__EXERCISE BRIEF__:
Return the lines of the material below exactly, beginning with the line that has "Manuel Neuer caught" in it and finishing with the line that has "Small Group Switch Up 2.0 | Method Bandra" in it. Leave all pictures aside.

__EXTRACTED DATA__:
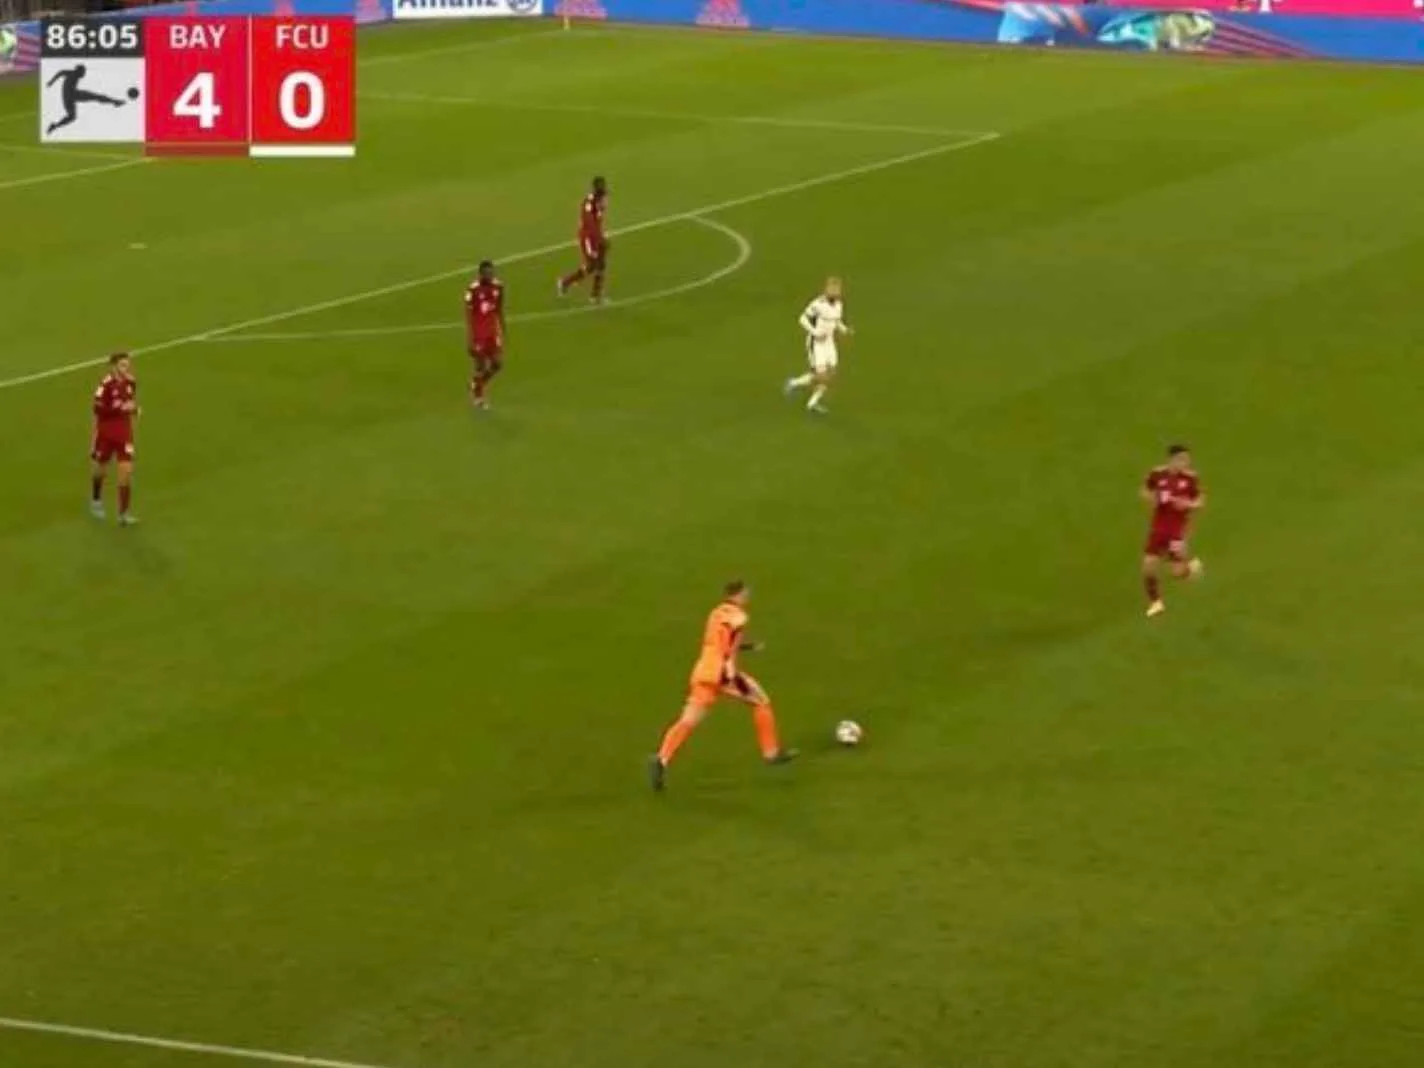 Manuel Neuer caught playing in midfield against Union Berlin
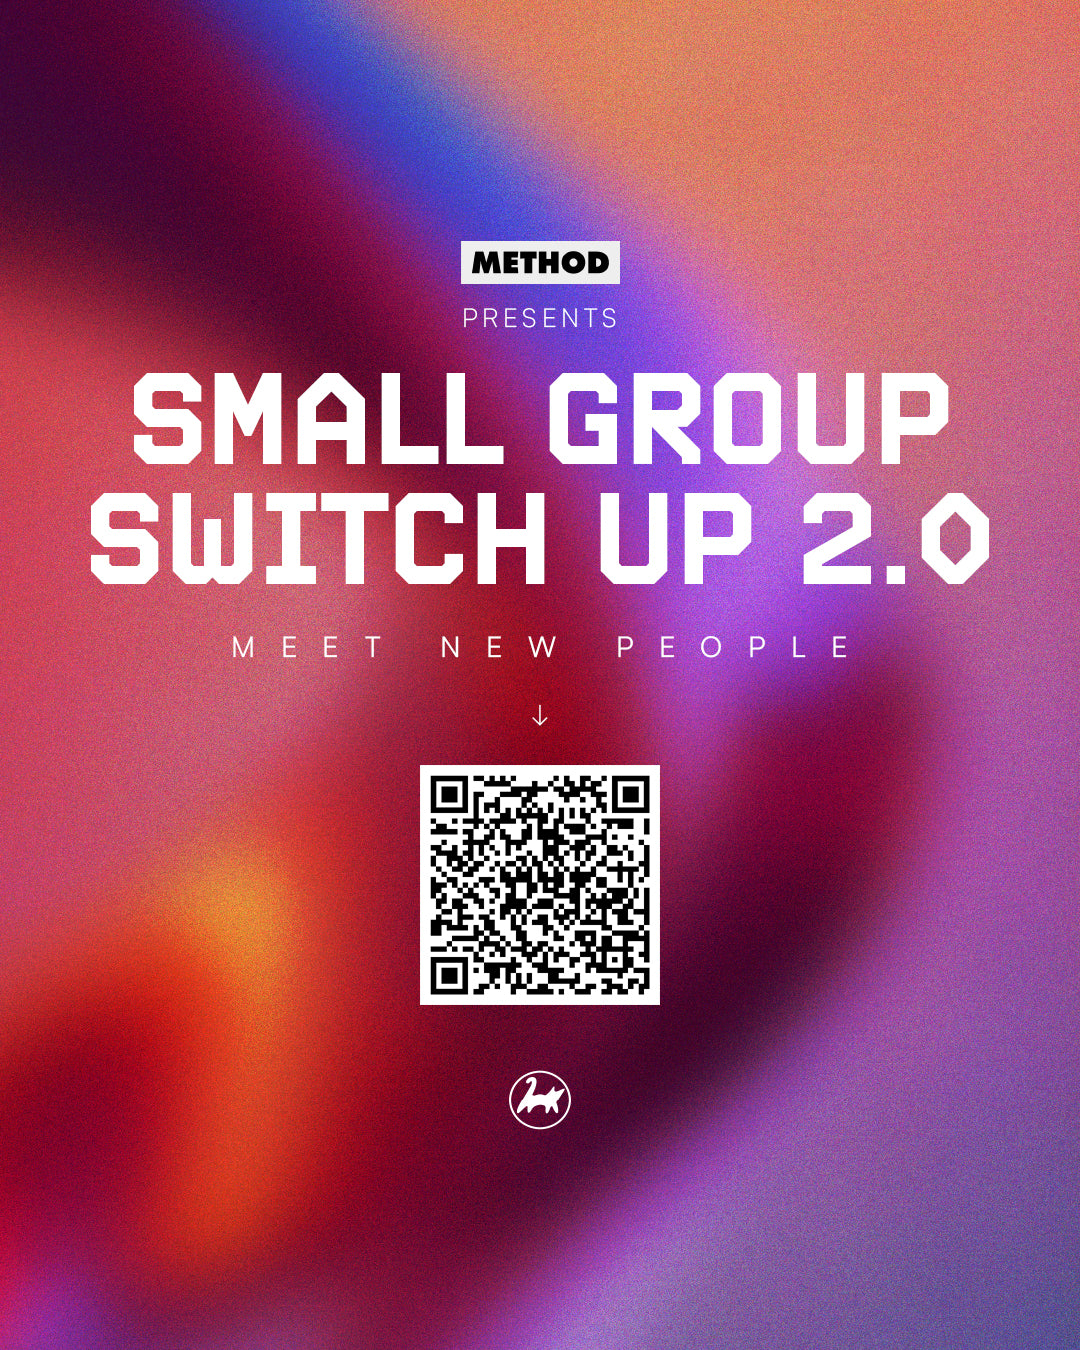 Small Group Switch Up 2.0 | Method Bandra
* * *
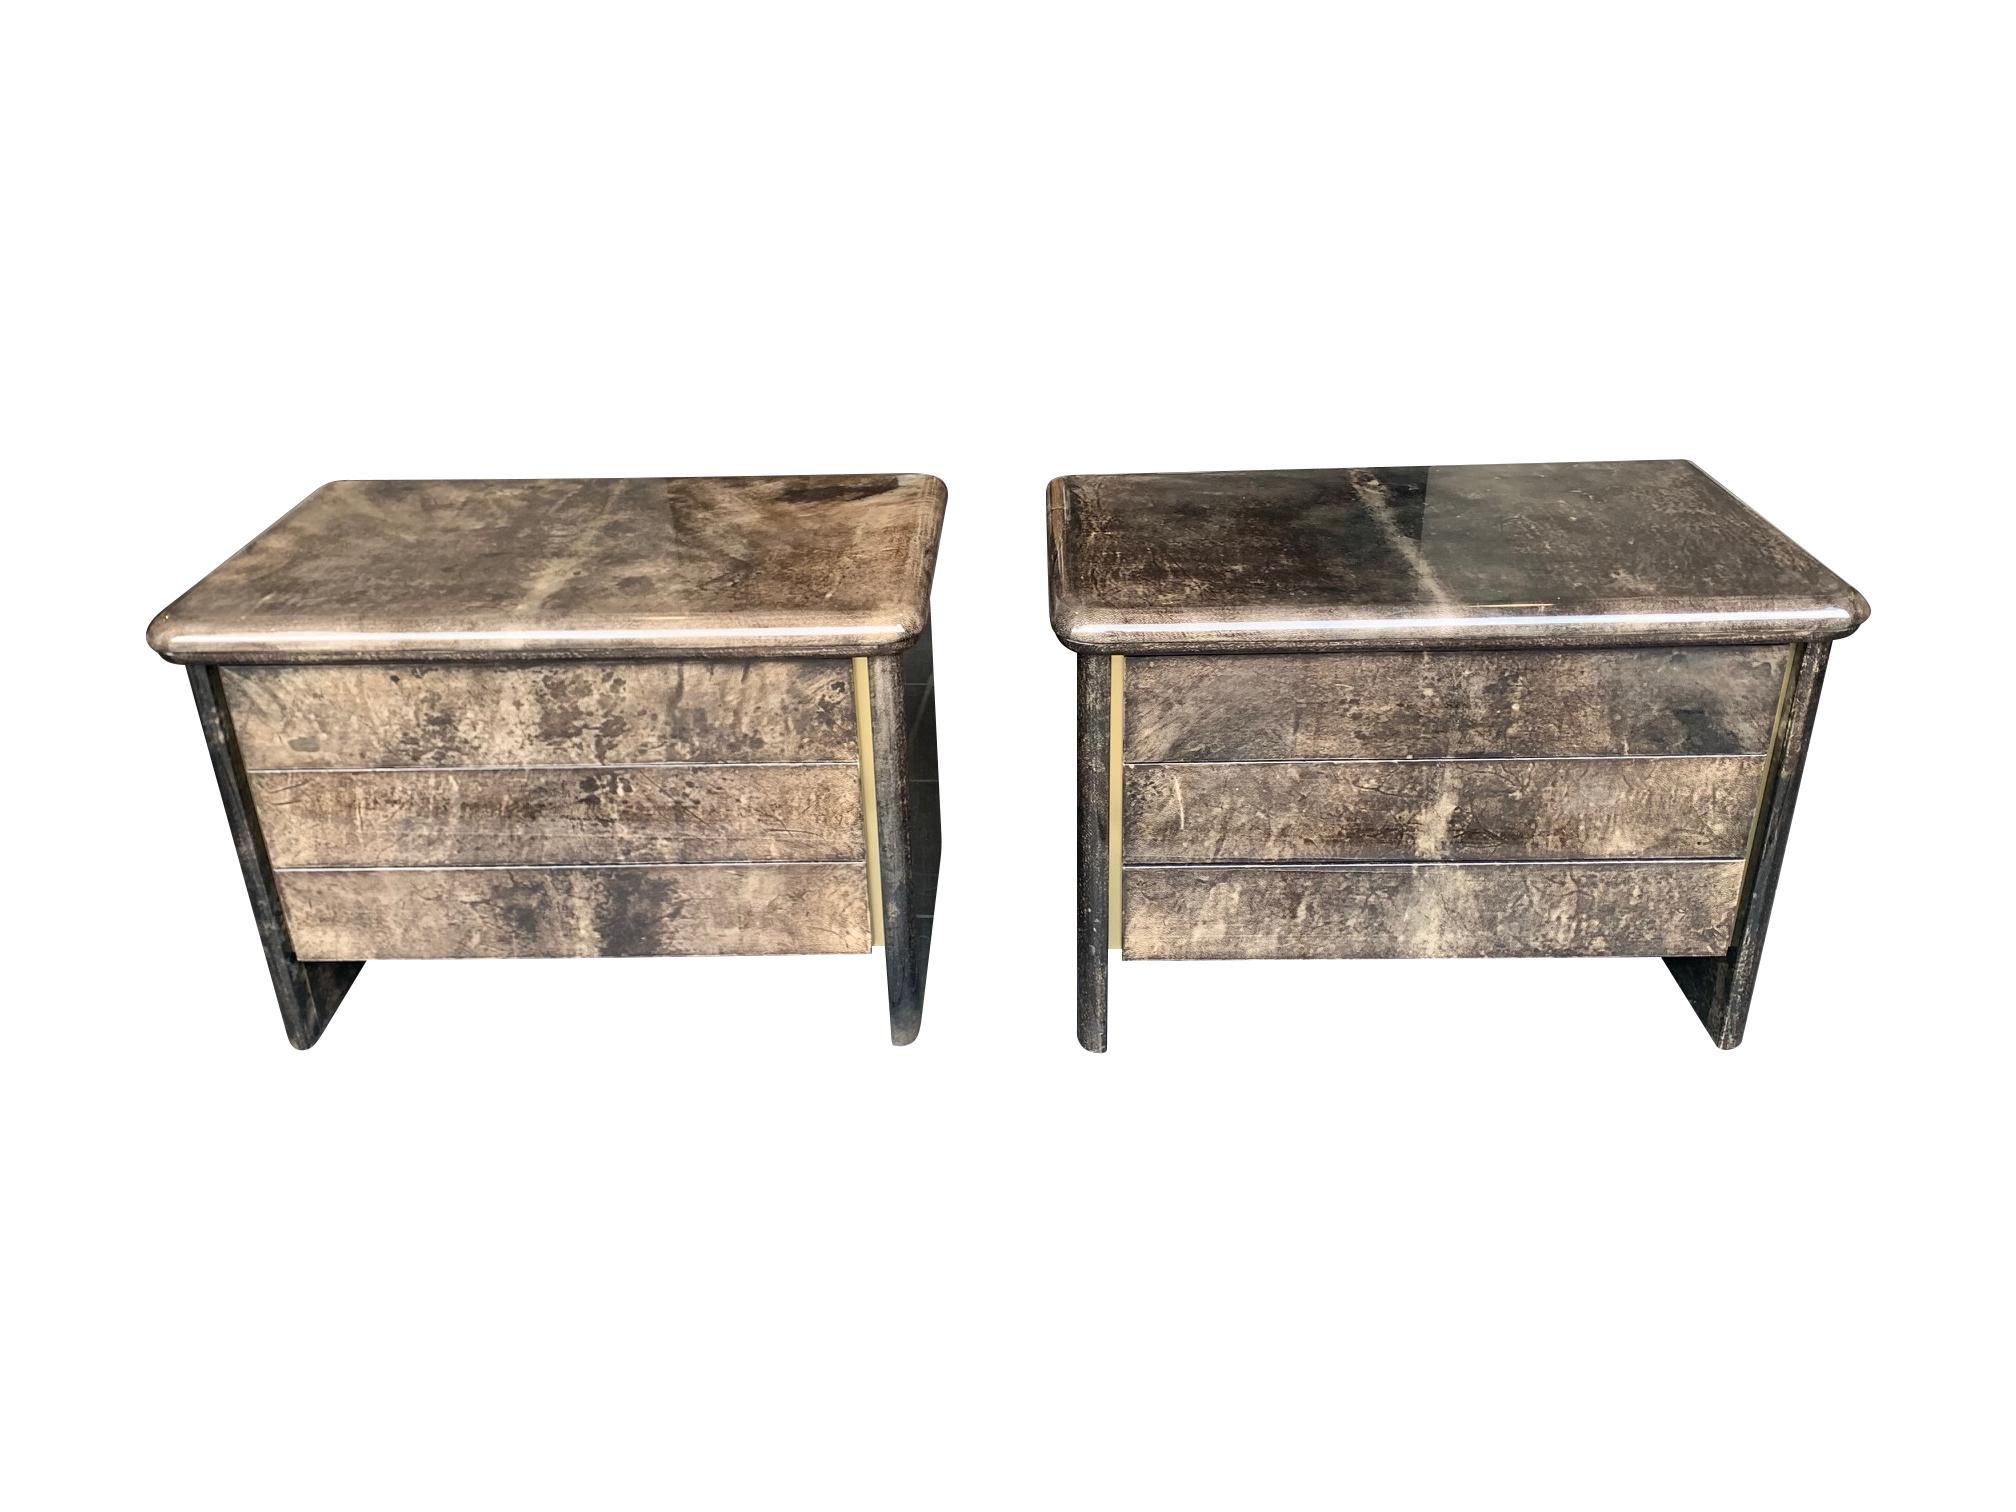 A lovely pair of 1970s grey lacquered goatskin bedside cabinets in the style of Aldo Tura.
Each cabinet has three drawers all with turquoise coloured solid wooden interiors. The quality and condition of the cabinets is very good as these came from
* * *
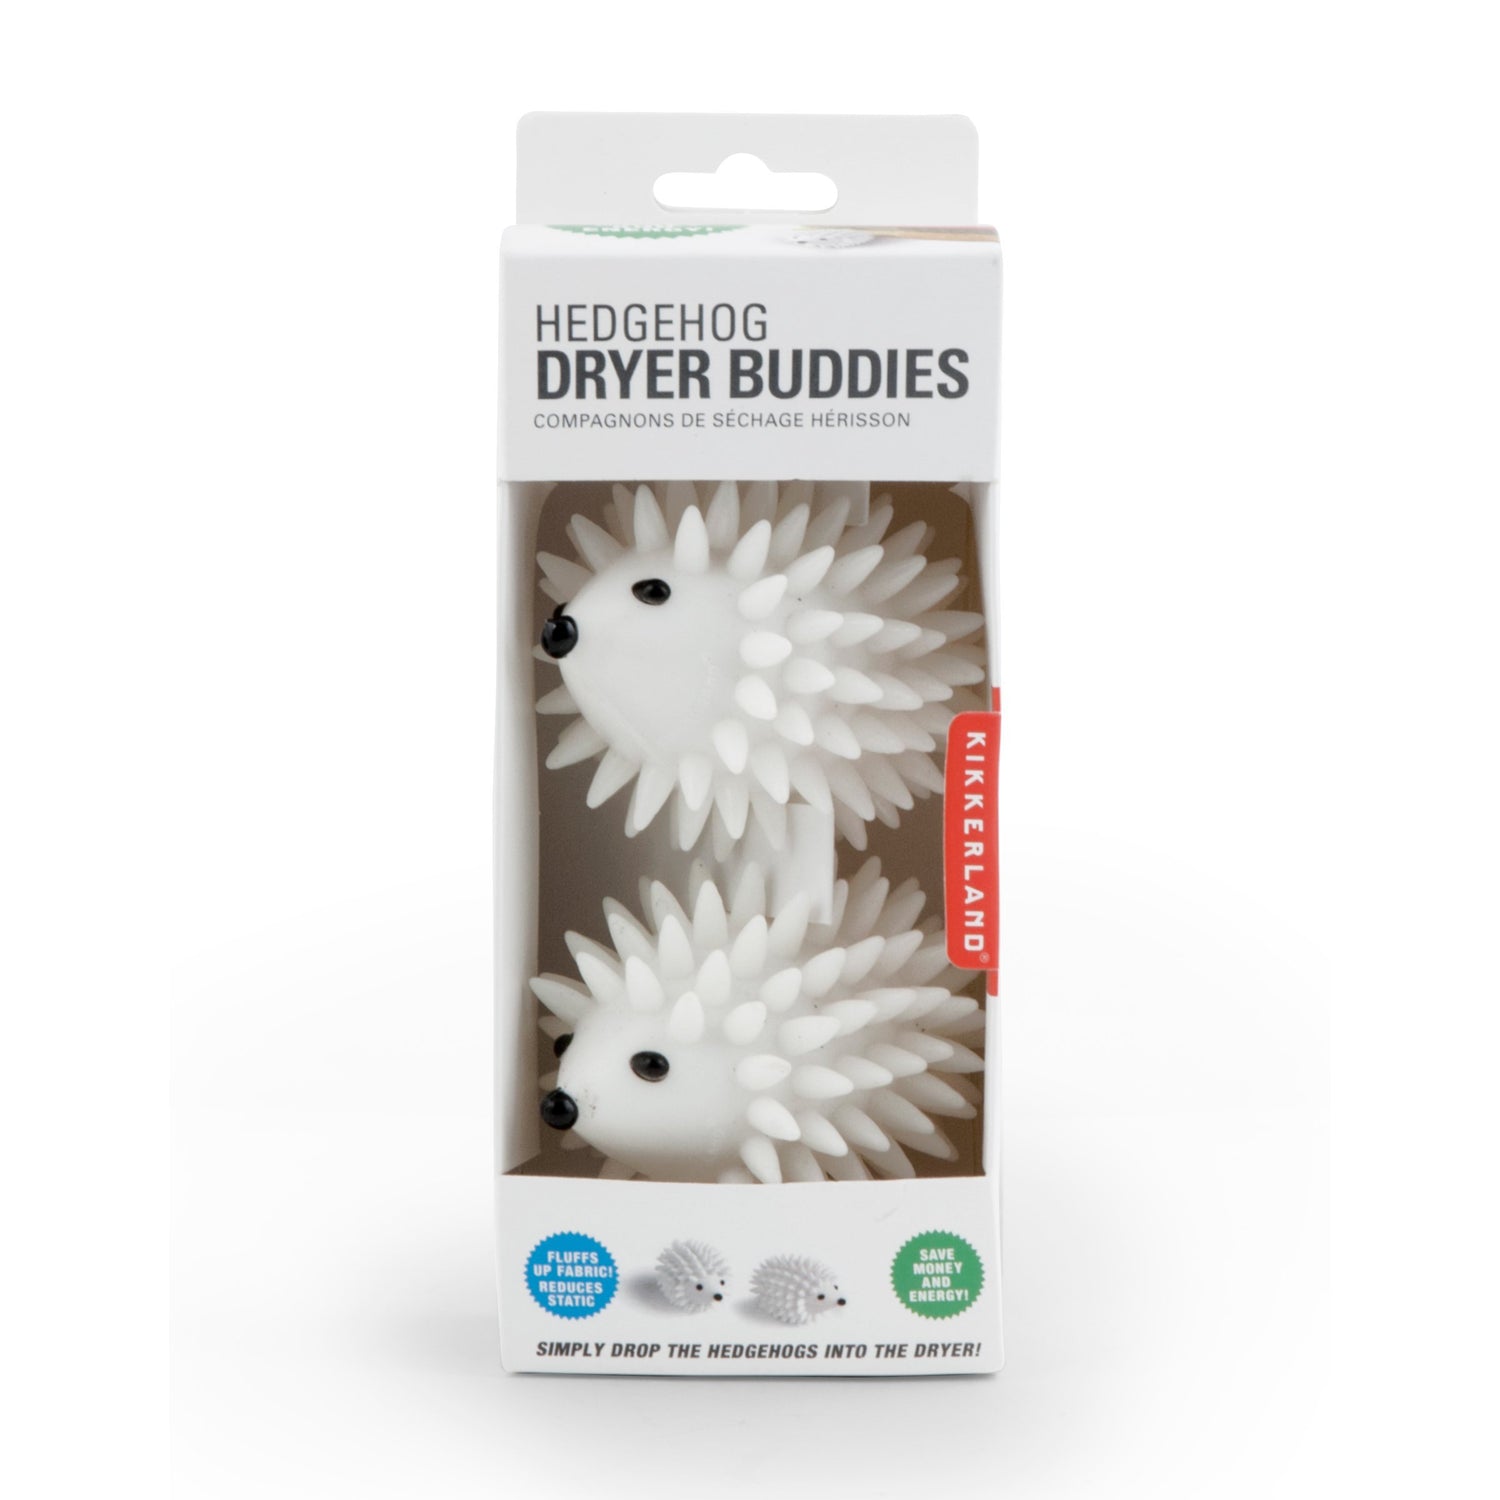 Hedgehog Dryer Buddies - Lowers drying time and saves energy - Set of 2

__RESPONSE__:
 Manuel Neuer caught playing in midfield against Union Berlin
 Small Group Switch Up 2.0 | Method Bandra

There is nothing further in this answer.